Mais au chapitre suivant, Faire face aux problématiques de santé publique, l’introduction du premier programme sonne comme une espèce de credo politique : « Lutter contre ces inégalités suppose une compréhension des déterminants sociaux de la santé (…) comment des empreintes enregistrées aux stades précoces de la vie modifient la susceptibilité ultérieure aux situations potentiellement pathogènes ». Les déterminants sociaux passent encore (quoiqu’on sente déjà un peu le cadre de pensée obligé) mais pourquoi nous focaliserions-nous, en France, sur le « stade précoce de la vie » ? Qui veut, en nous détournant vers des « empreintes » anciennes, empêcher la recherche de mettre au jour les injustices sociales d’aujourd’hui ? Proudhon avait déjà noté que l’exploiteur pouvait être absous de sa responsabilité sur la santé de ses ouvriers par (entre autres) le « pédantisme des savants »(1). Est-ce là le rôle dans lequel l’ANR veut nous cantonner ? La conception qu’elle nous sert ici de la santé publique semble bien dater de l’époque où « pour opprimer une classe, il [fallait] pouvoir lui garantir des conditions d’existence qui lui permettent, au moins, de vivre dans la servitude »(2).

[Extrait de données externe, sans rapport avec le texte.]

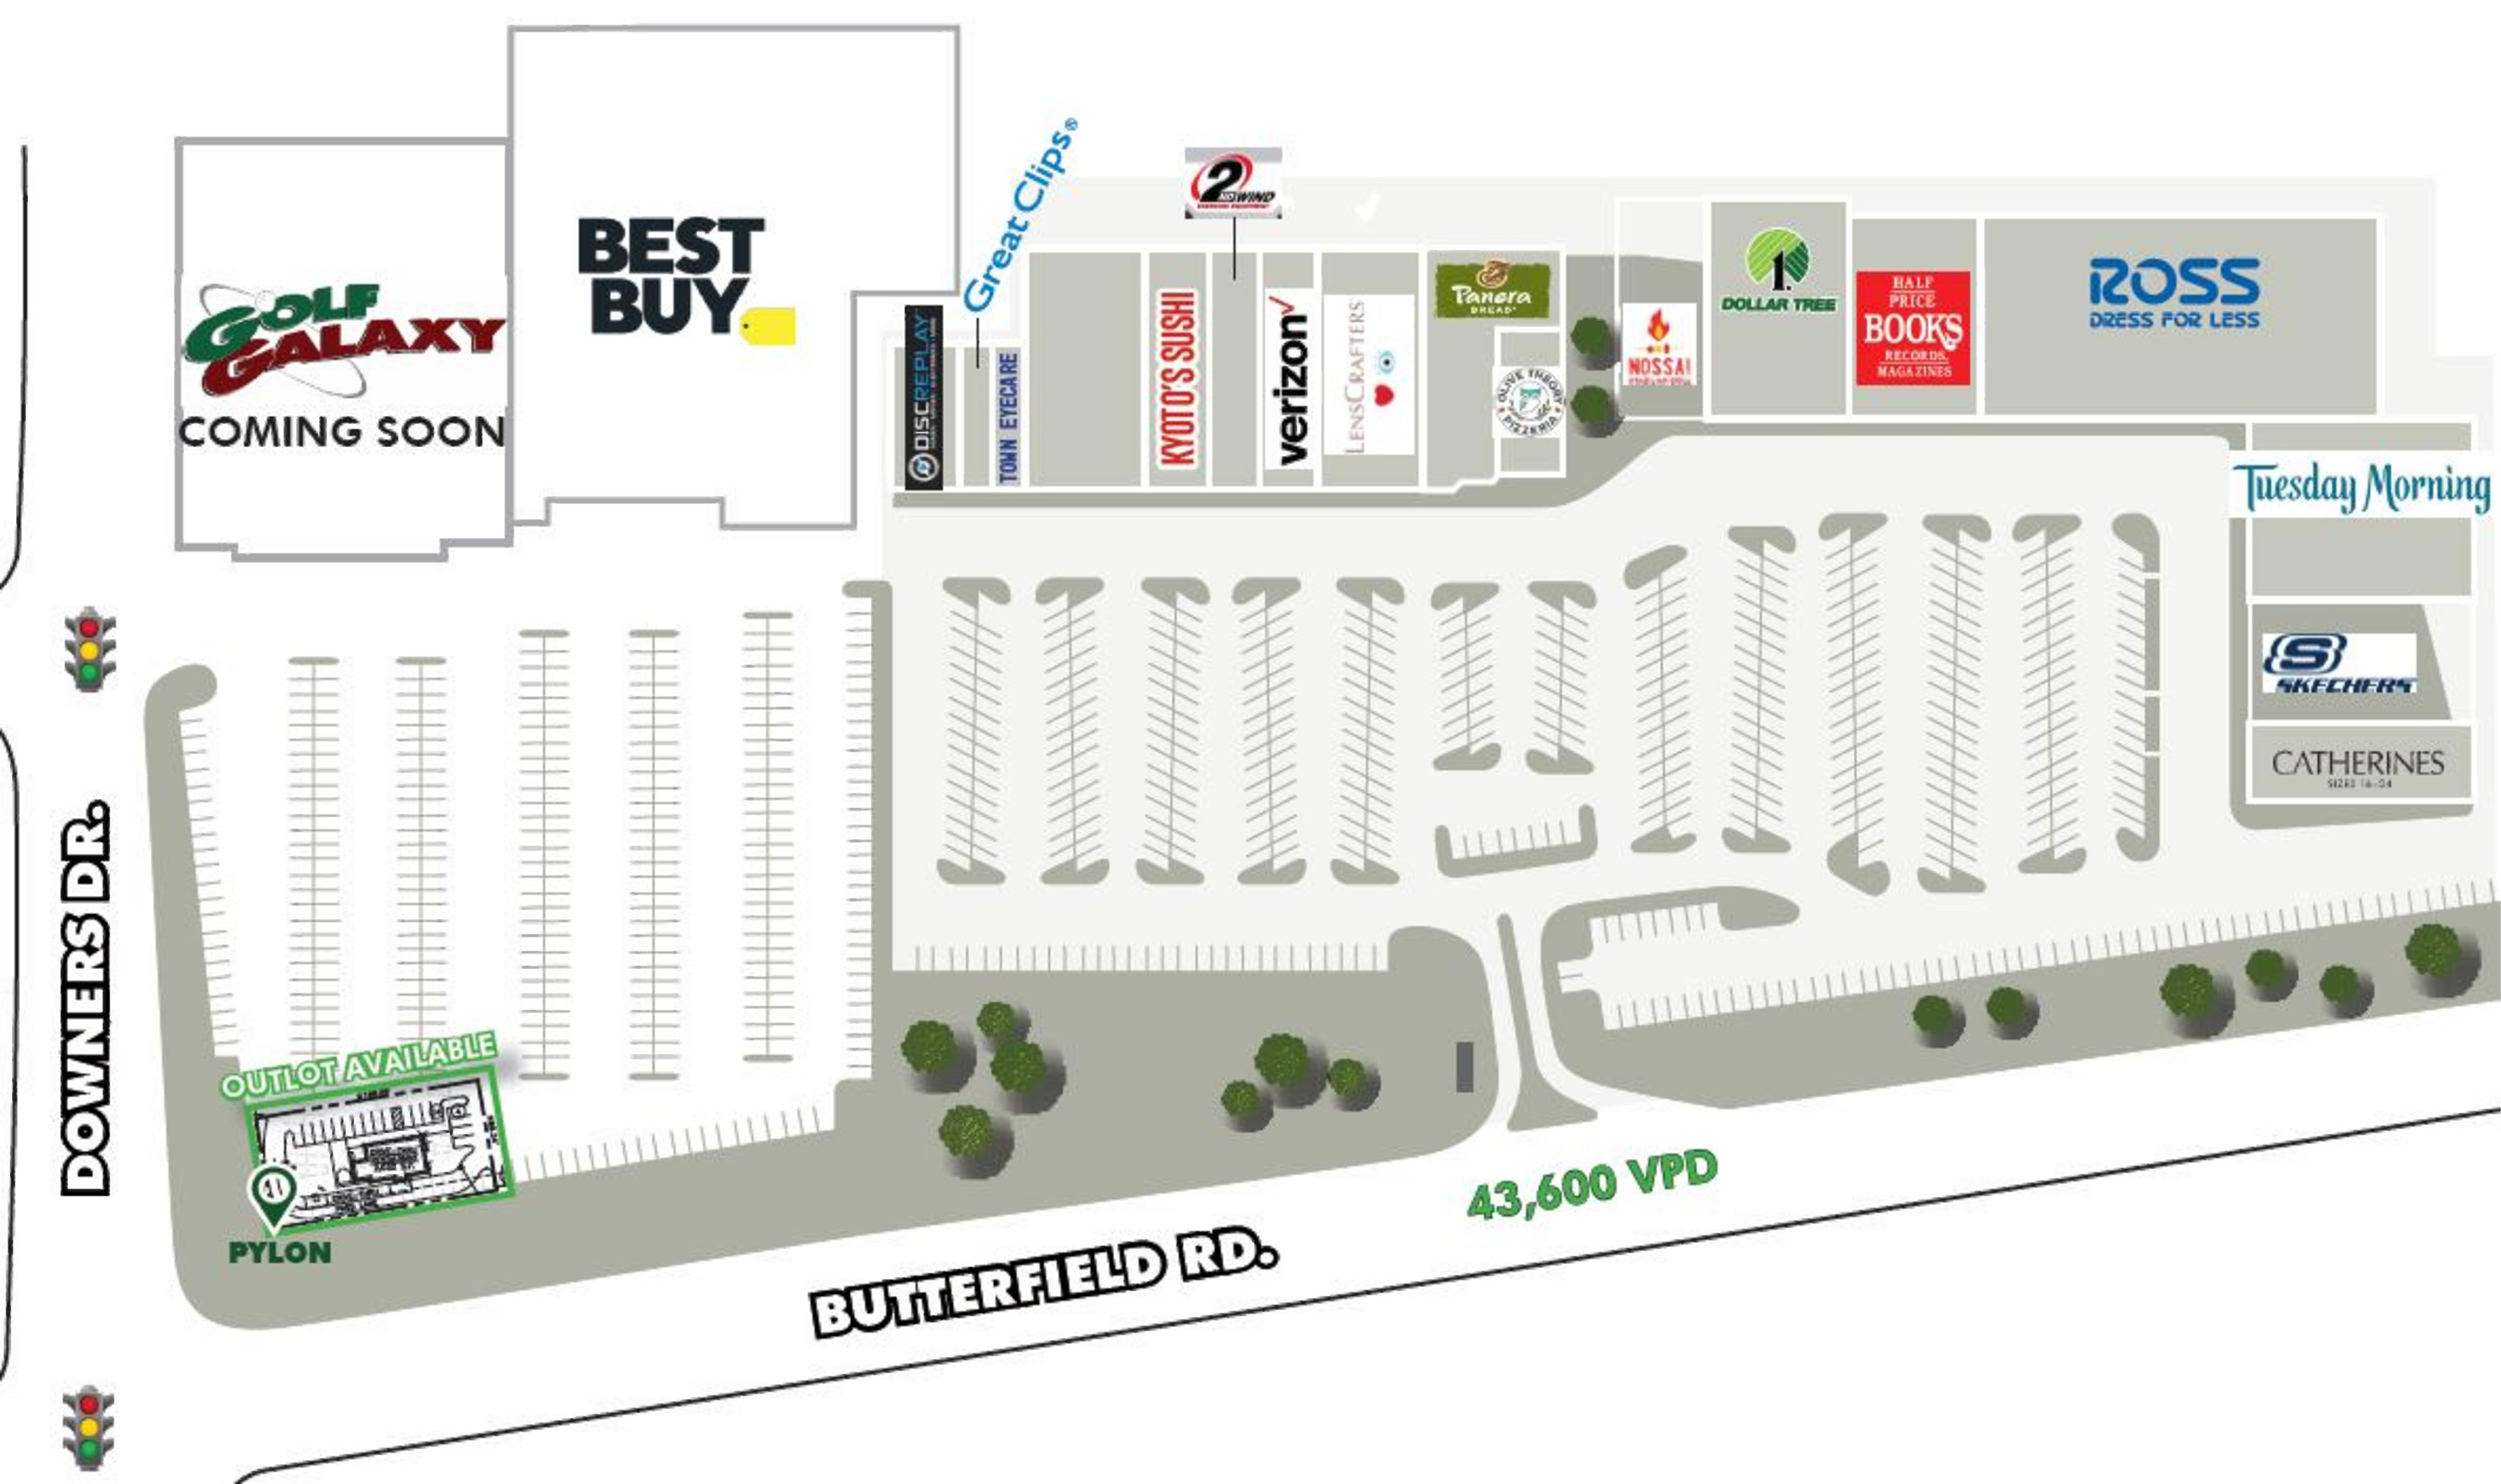 Butterfield Plaza: site plan
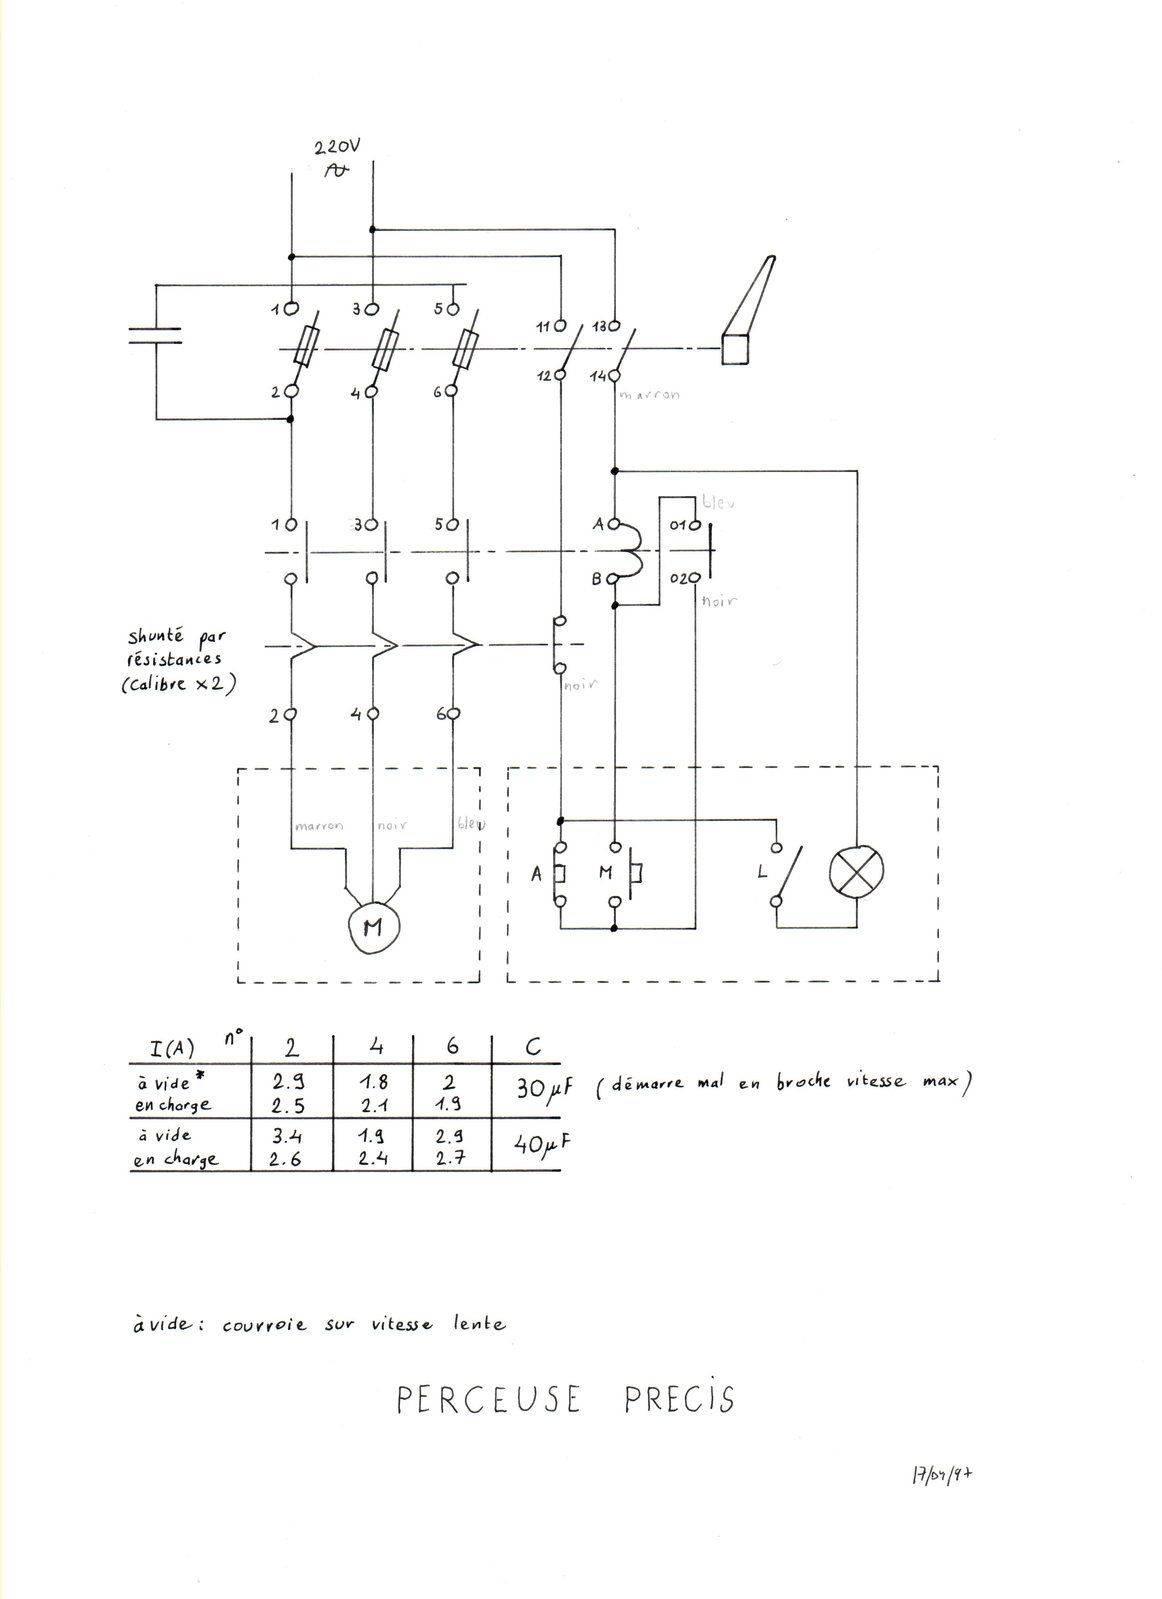 Plan de câblage perceuse Précis.jpg

Politique féodale sous-tendue par une pensée réactionnaire … Il faut abattre cette nouvelle Bastille de la rue de Bercy. Qu’on balaie cette idéologie d’Ancien régime, qu’on dissolve cette agence complètement fourvoyée ! Et qu’on en revienne à la république des chercheurs(3).


1 De la justice dans la révolution et dans l’église, t. II, P.-J. Proudhon, Garnier, Paris, 1858.
2 Le manifeste du parti communiste, K. Marx & F. Engels, 1848.
3 selon le mot d’H. Moureu, approuvé par F. Joliot-Curie, au comité directeur du CNRS le 18 sept. 1944. Cf. Quand la recherche était une république, M. Blay, Armand Colin, Paris, 2011.